● DATASET SECTION
----

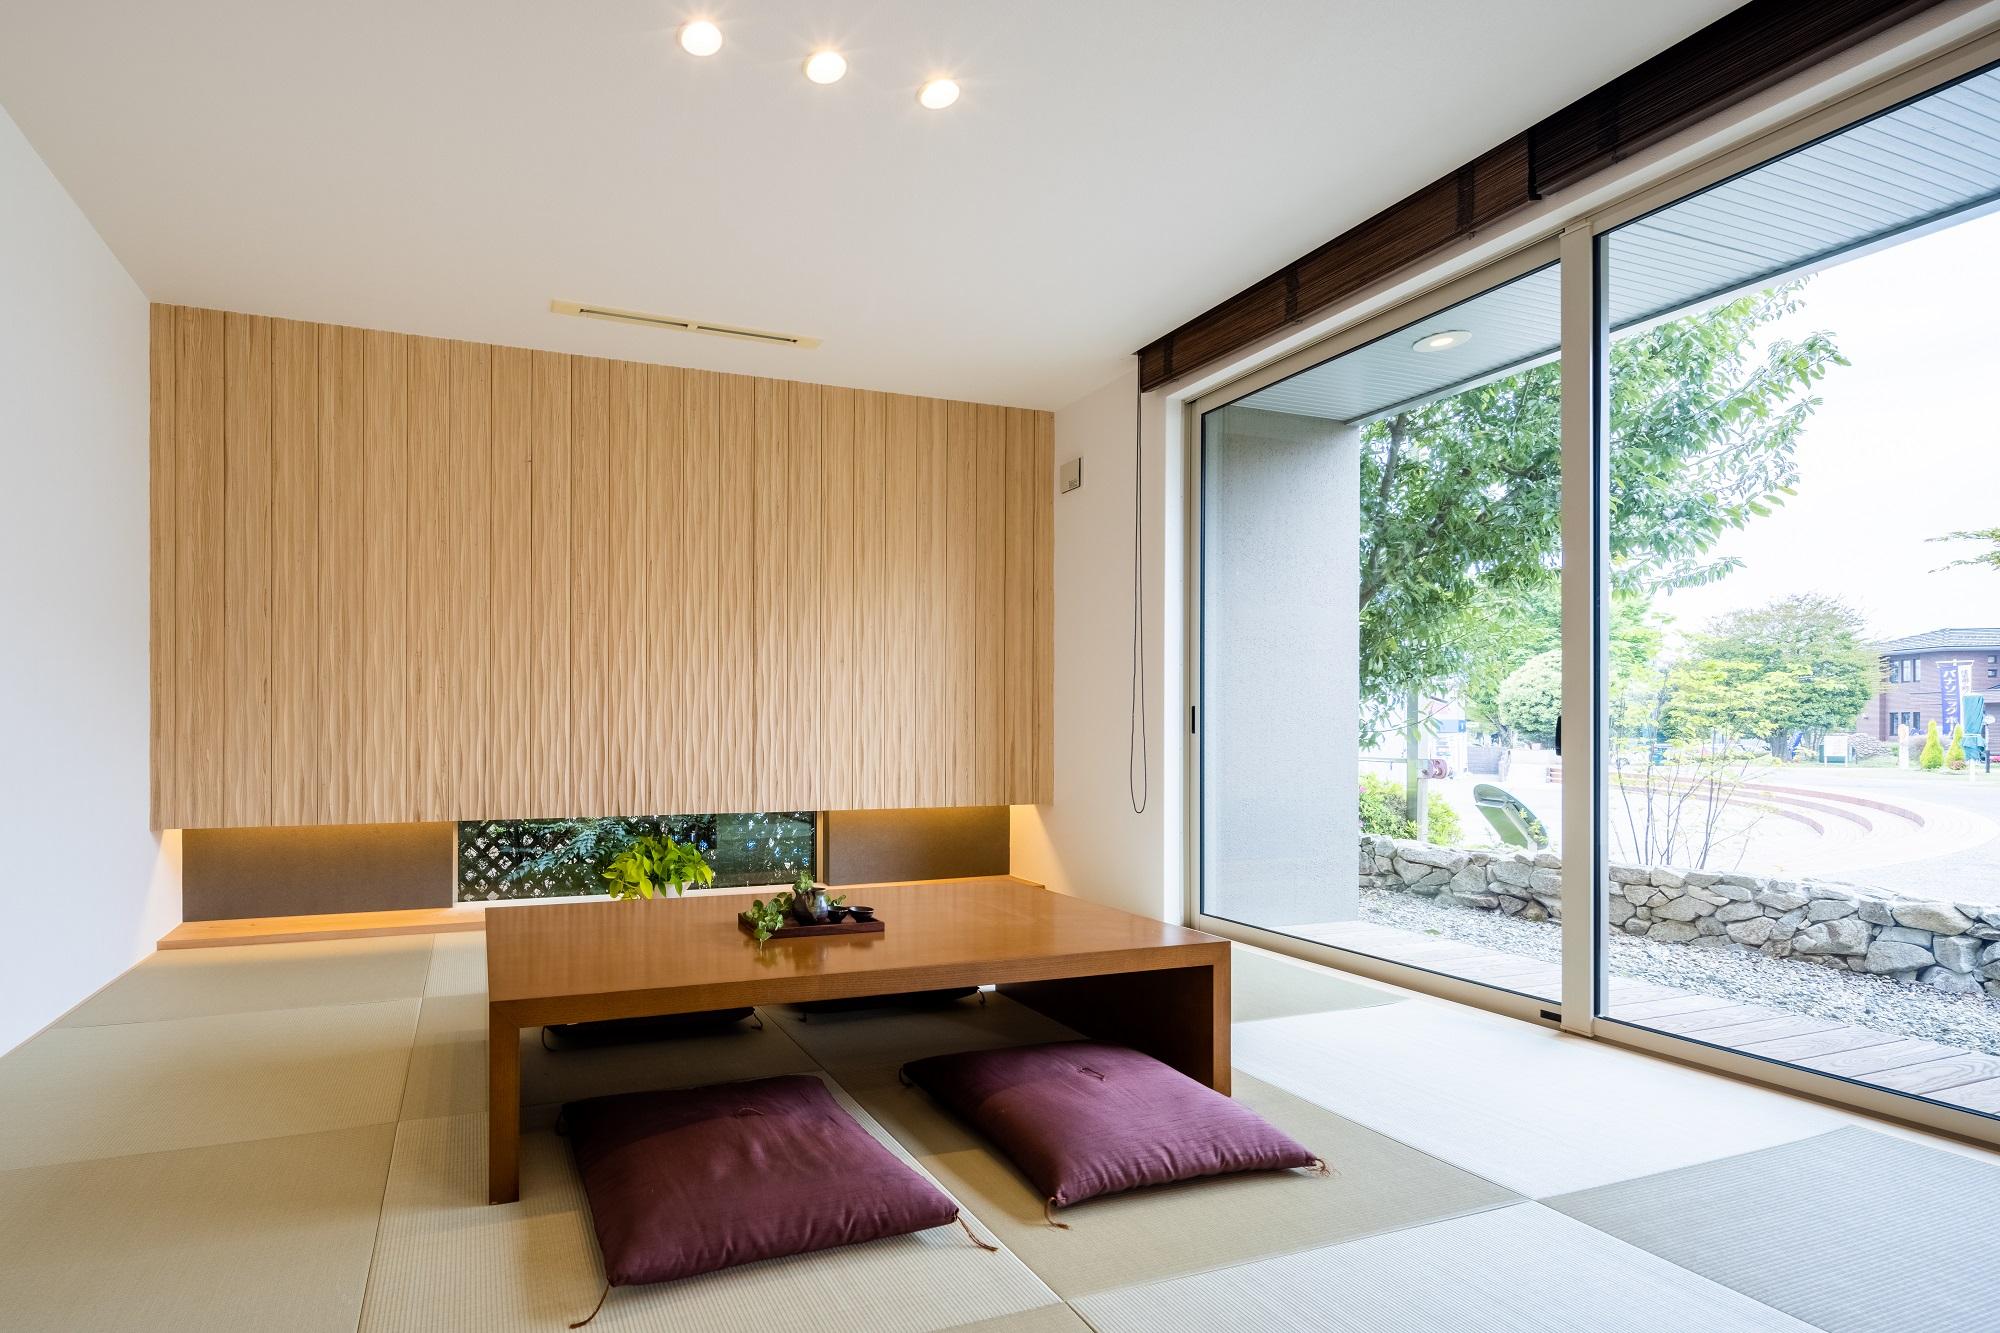 リビングから繫がる和室は、心落ち着く安らぎの空間。杉の天然木を用いた壁がポイントです。日々の暮らしの中で、自然素材ならではの変化を楽しむことができます。
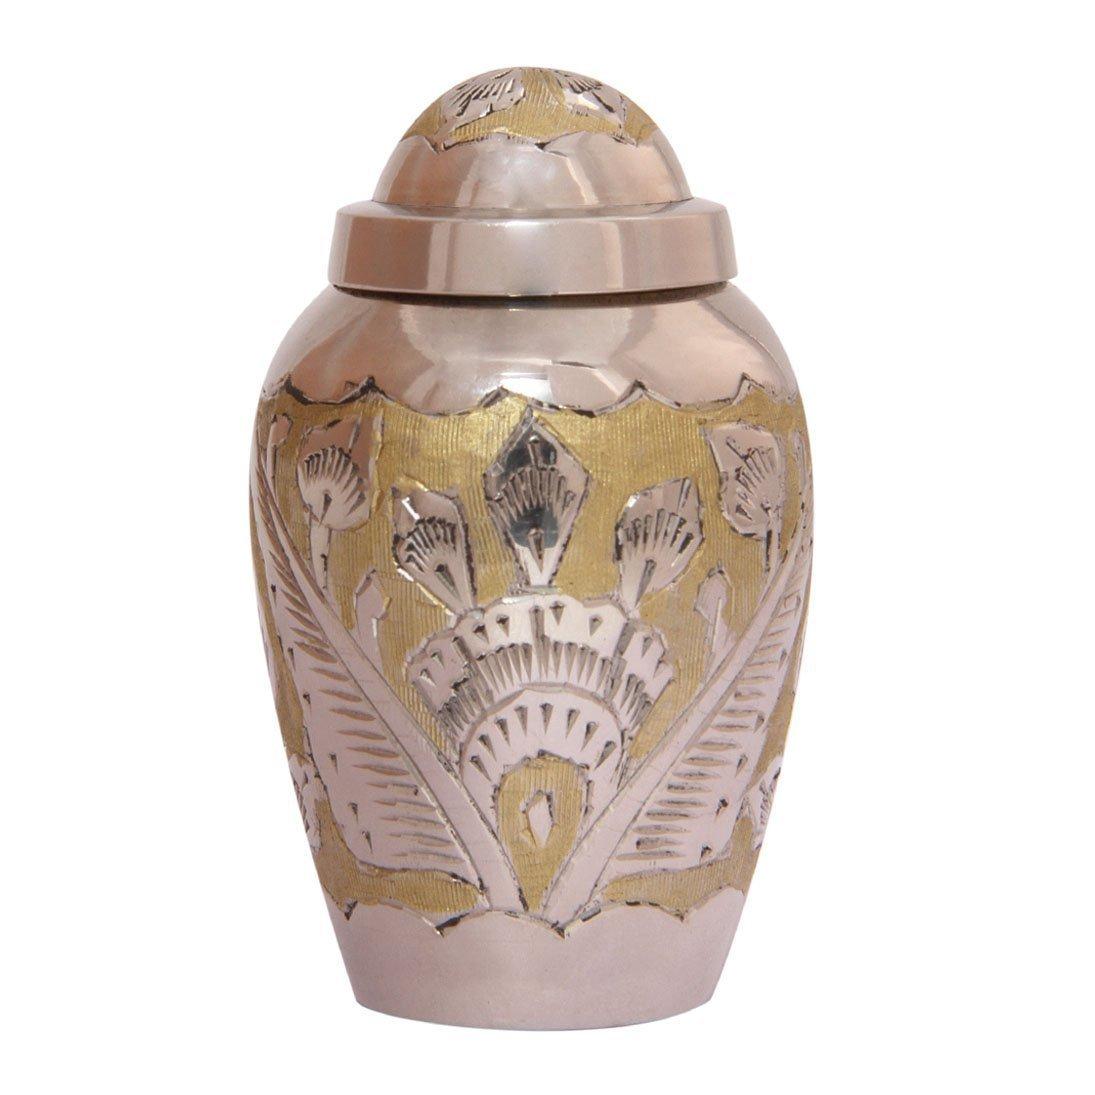 Farnham Devon Small Keepsake Cremation Urn for Ashes, Urns Keepsake, Memorial Urns
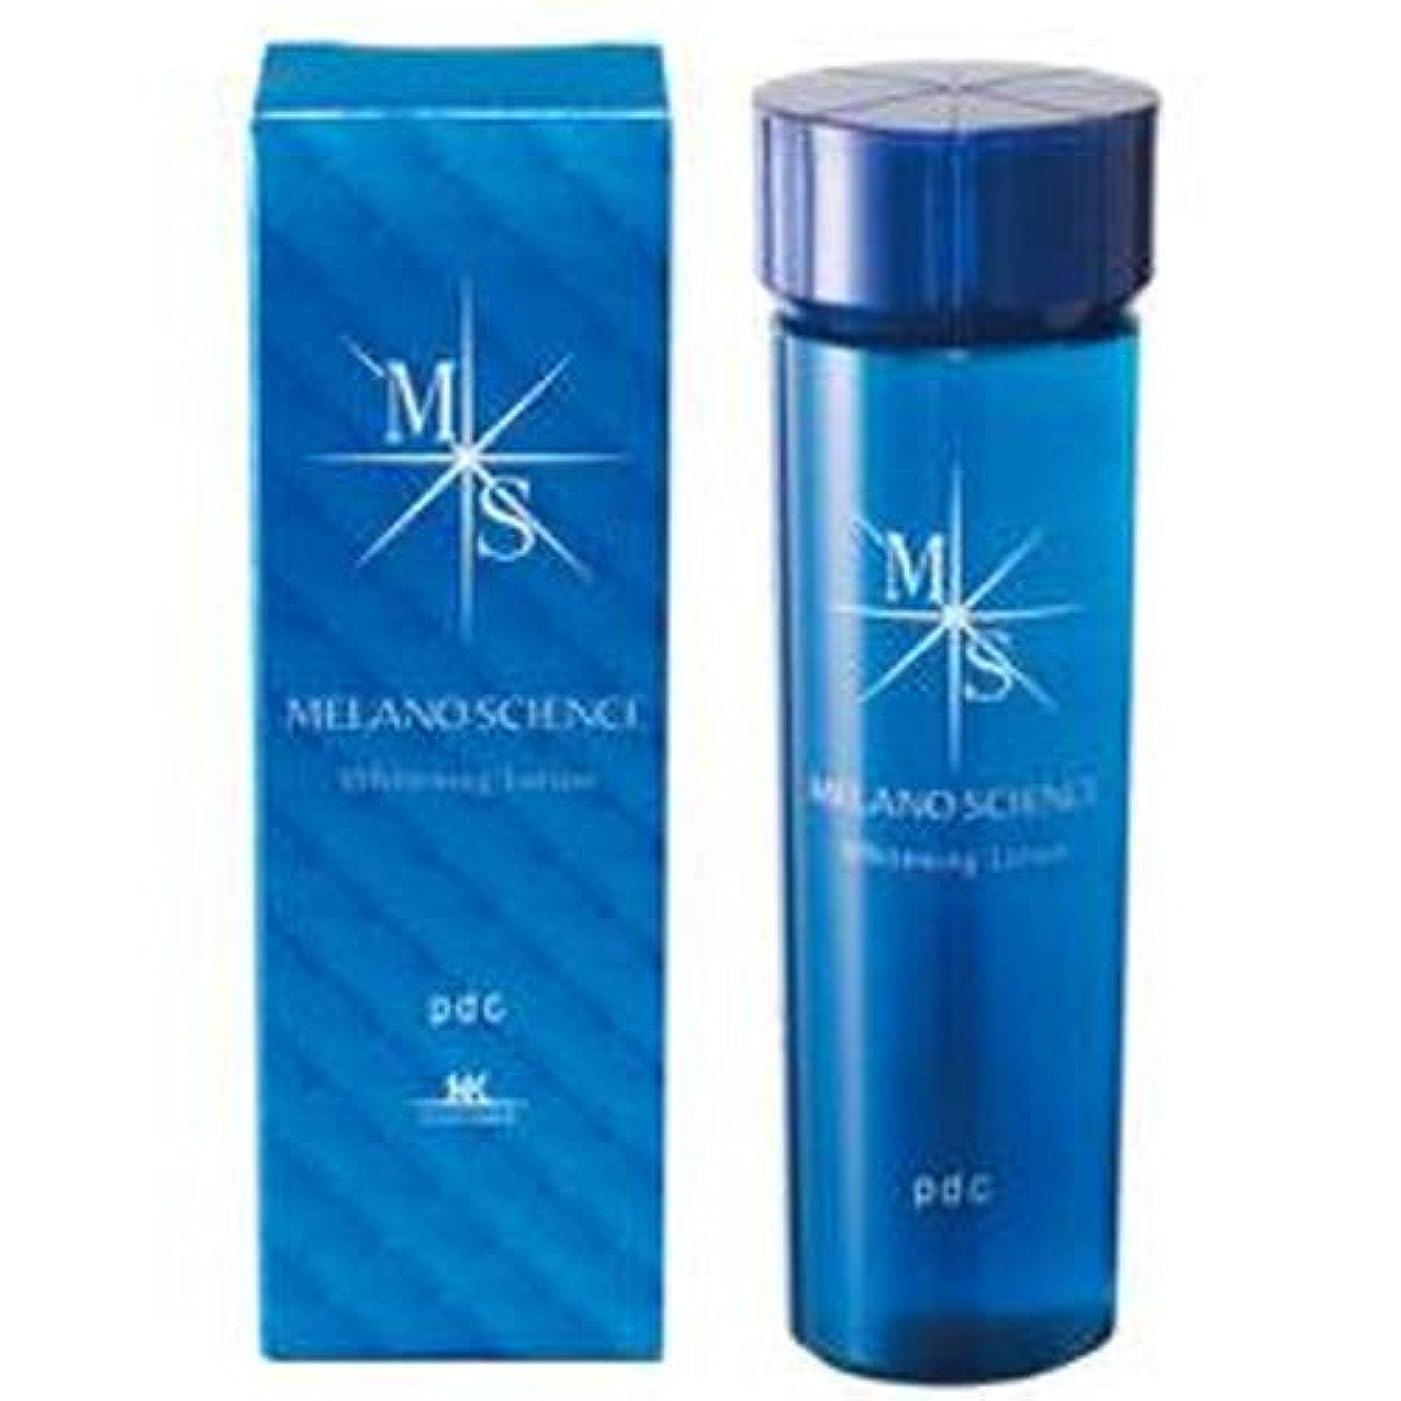 自分のために勇気のある突っ込むMK メラノサイエンス MELANOSCIENCE ホワイトニングローション 150ml 集中美白 アルブチン 化粧水
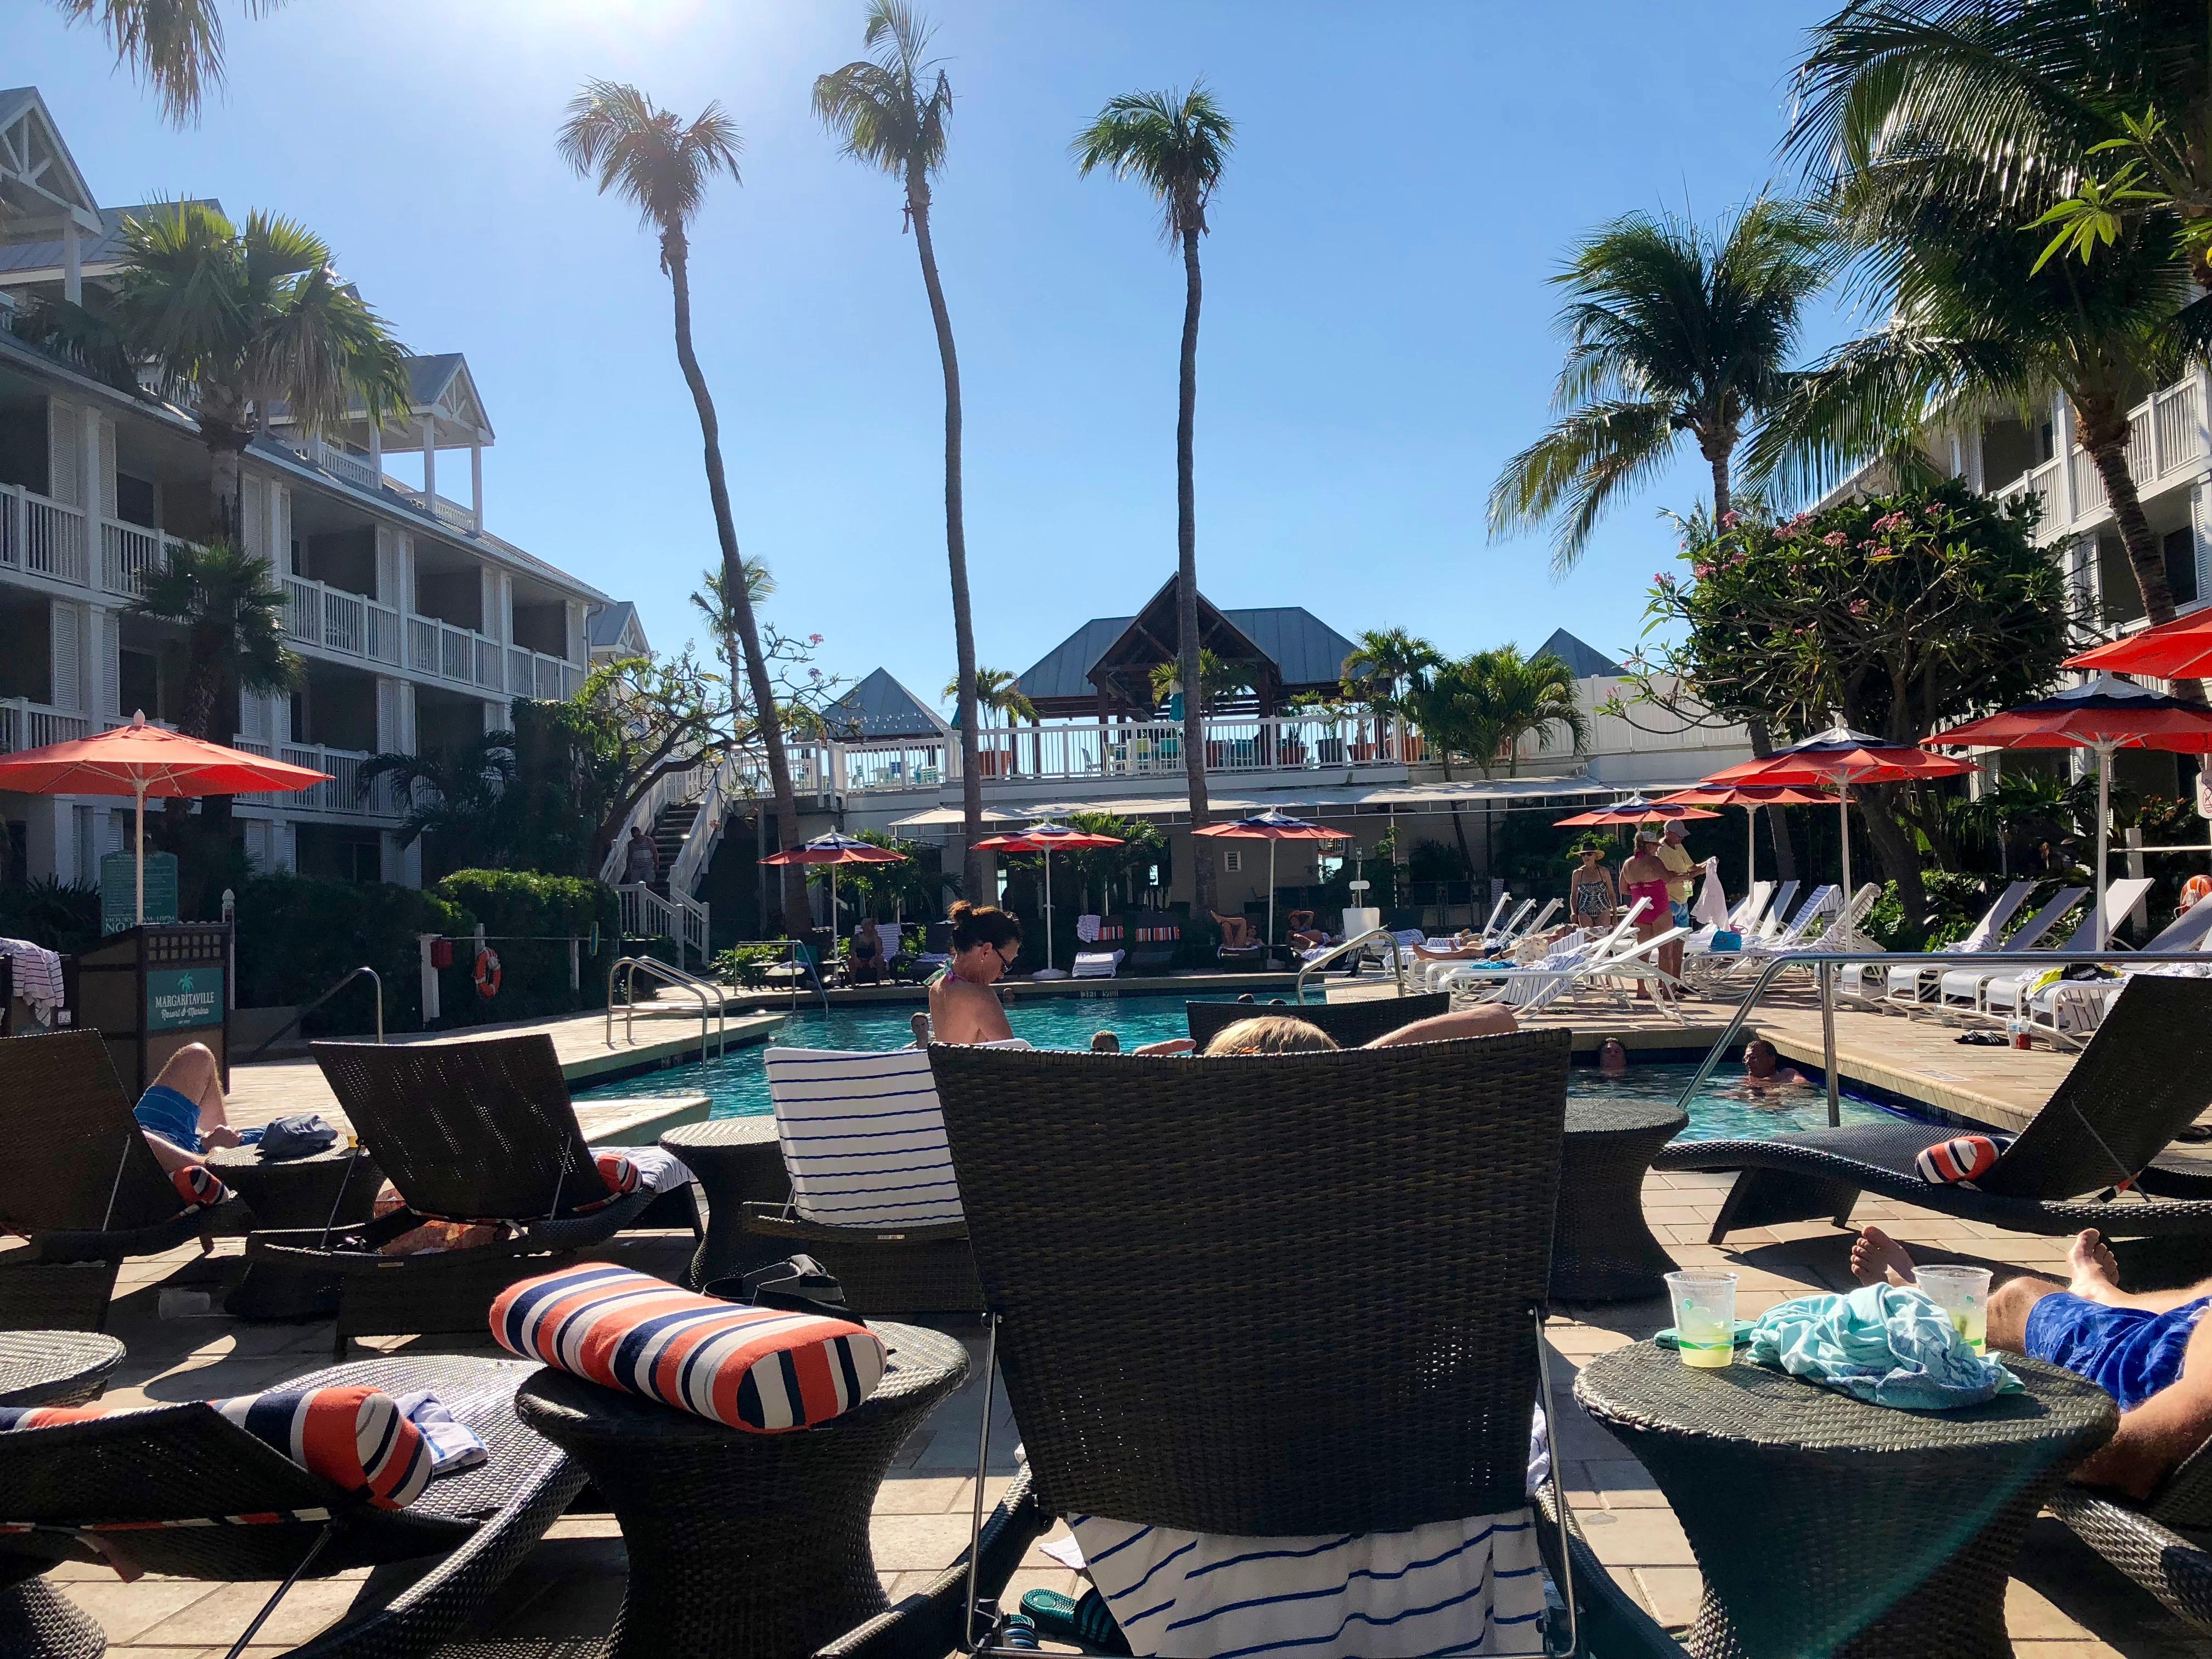 MargaritaVilla Resort

----

● PROBLEM DETAILS
Every line of the data above should be quoted exactly. Omit the pictures.

● COMPLETED TASK
 リビングから繫がる和室は、心落ち着く安らぎの空間。杉の天然木を用いた壁がポイントです。日々の暮らしの中で、自然素材ならではの変化を楽しむことができます。
 Farnham Devon Small Keepsake Cremation Urn for Ashes, Urns Keepsake, Memorial Urns
 自分のために勇気のある突っ込むMK メラノサイエンス MELANOSCIENCE ホワイトニングローション 150ml 集中美白 アルブチン 化粧水
 MargaritaVilla Resort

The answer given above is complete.